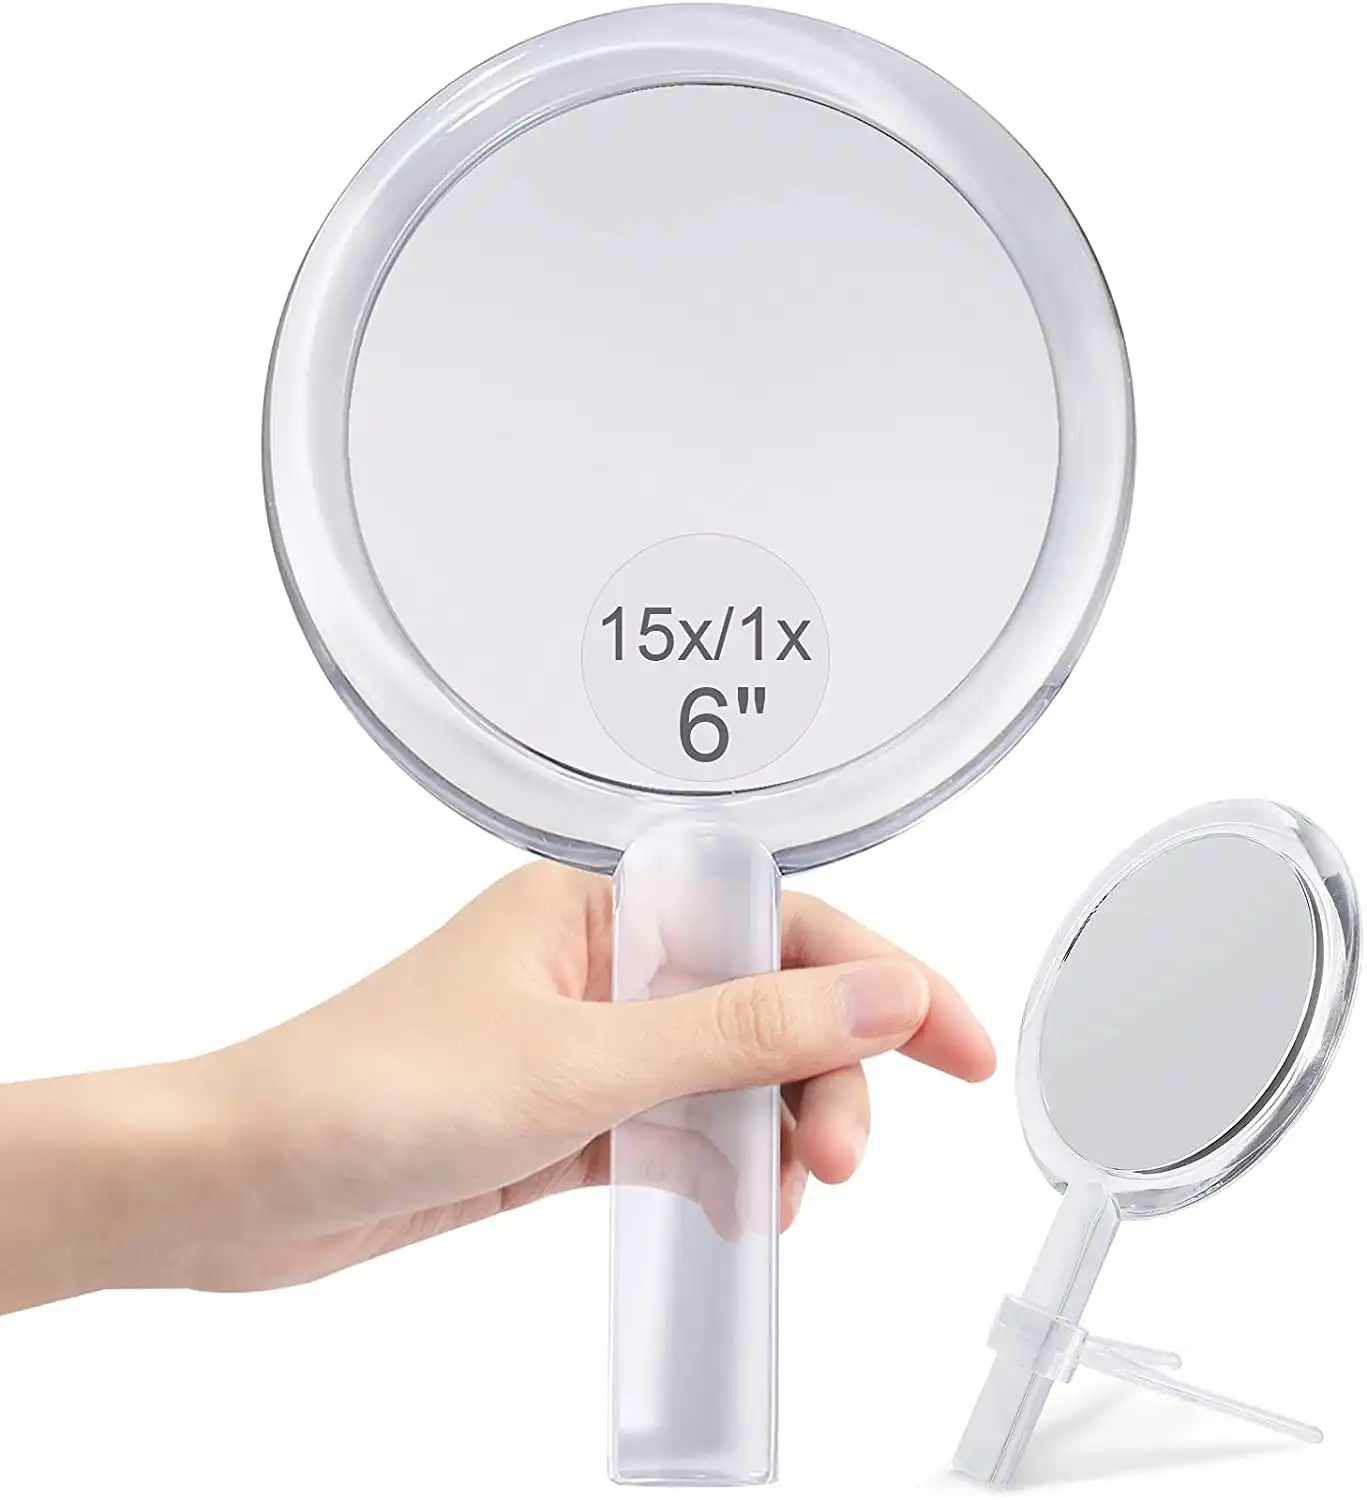 20X Magnifying Hand Mirror Two Sided Use for Makeup Application (15 cm, Silver)
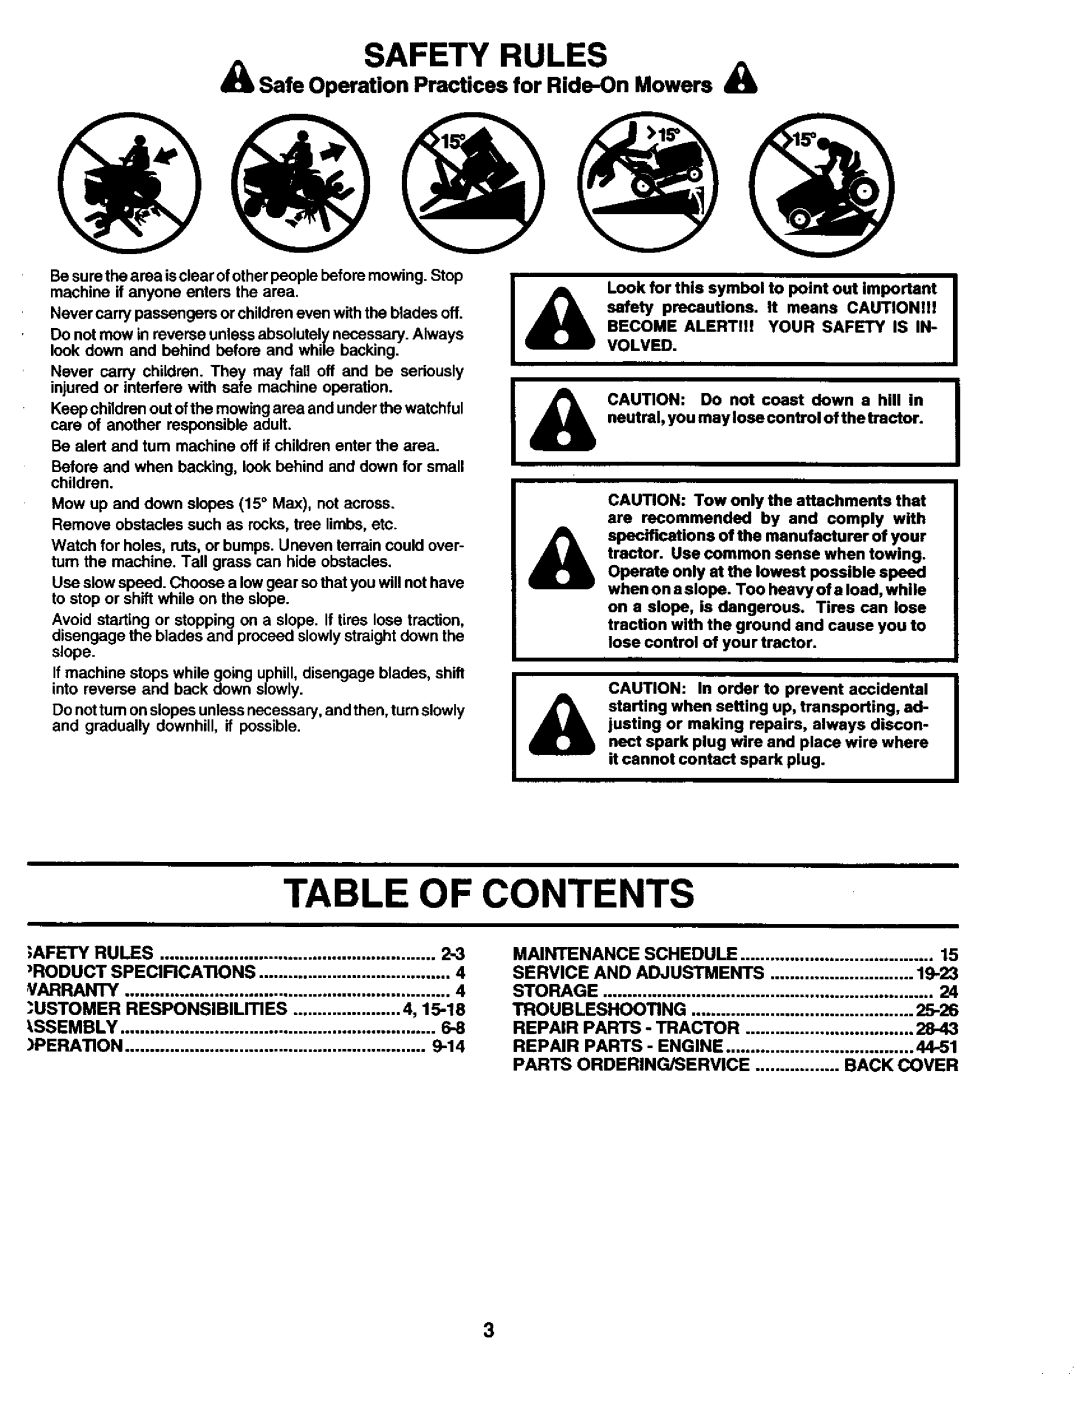 Craftsman 944.602951 Table Of Contents, Safety Rules, Safe Operation Practices for Ride-OnMowers, Parts Ordering/Service 
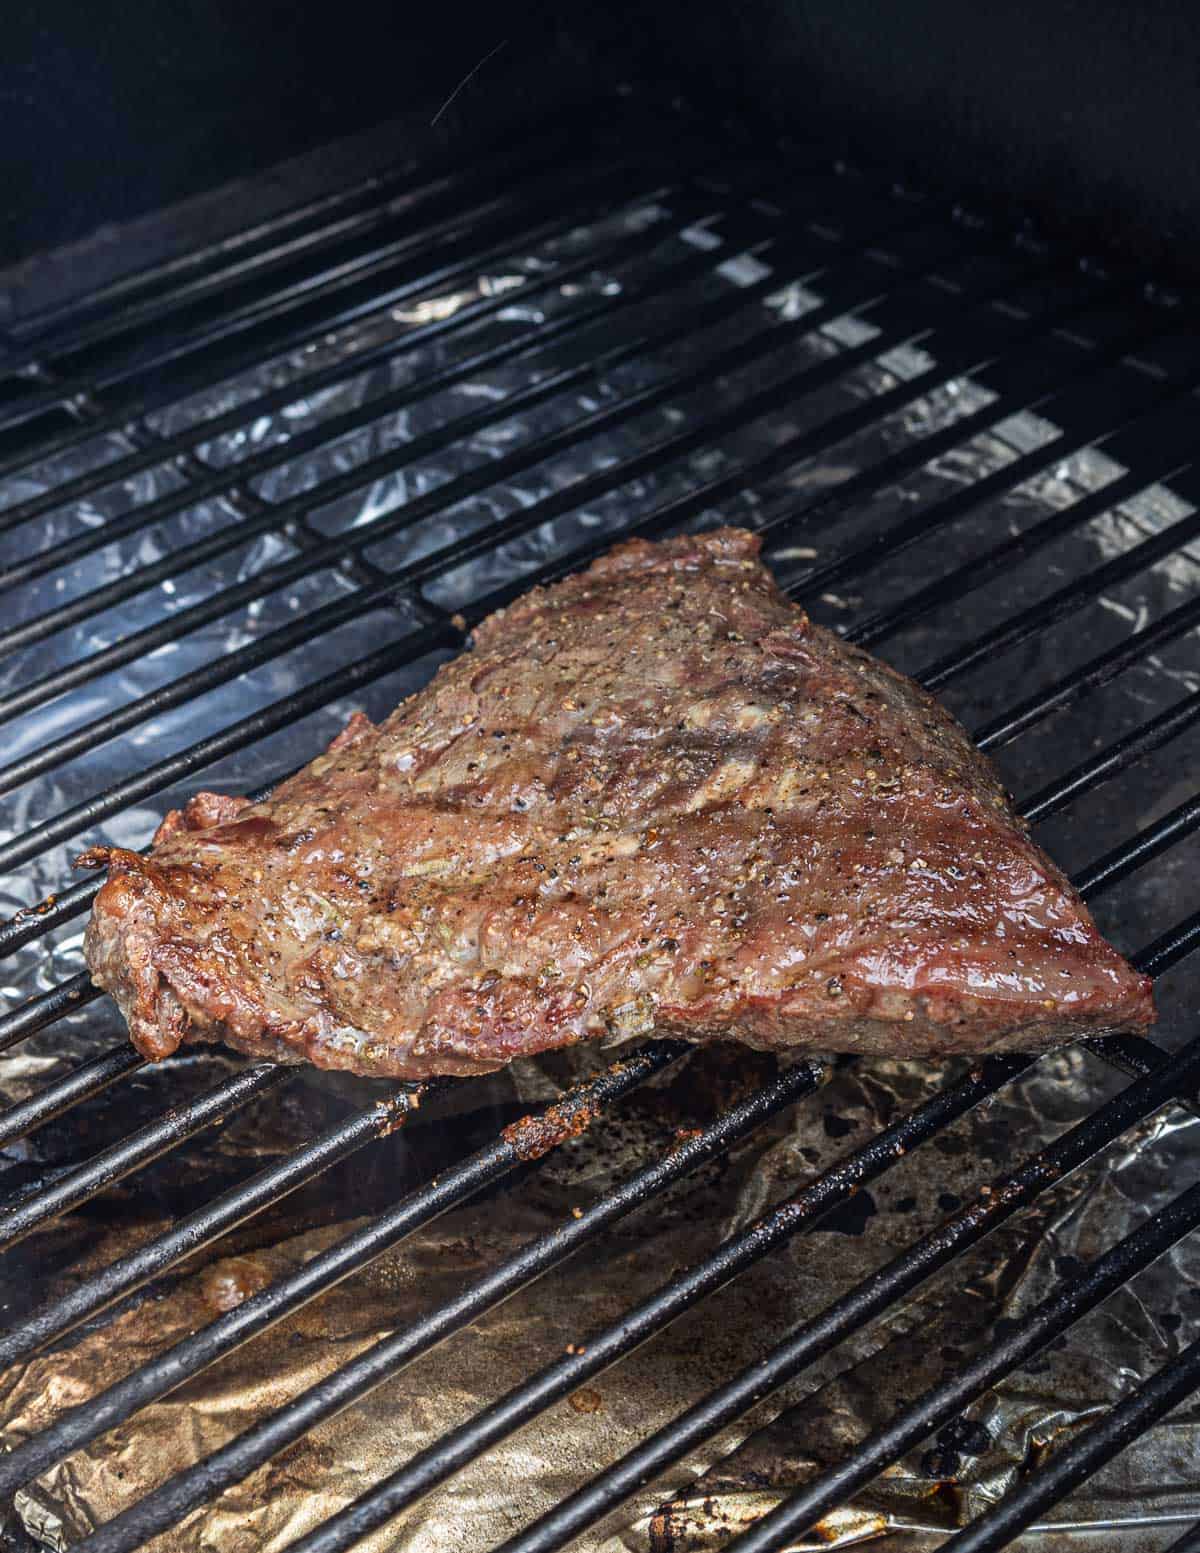 Cooking a bavette steak on a grill.
::::
What needs to be done: Copy the listing exactly. Leave the pictures out.

Answer:
 20X Magnifying Hand Mirror Two Sided Use for Makeup Application (15 cm, Silver)
 Craftsman 944.602951 Table Of Contents, Safety Rules, Safe Operation Practices for Ride-OnMowers, Parts Ordering/Service 
 Cooking a bavette steak on a grill.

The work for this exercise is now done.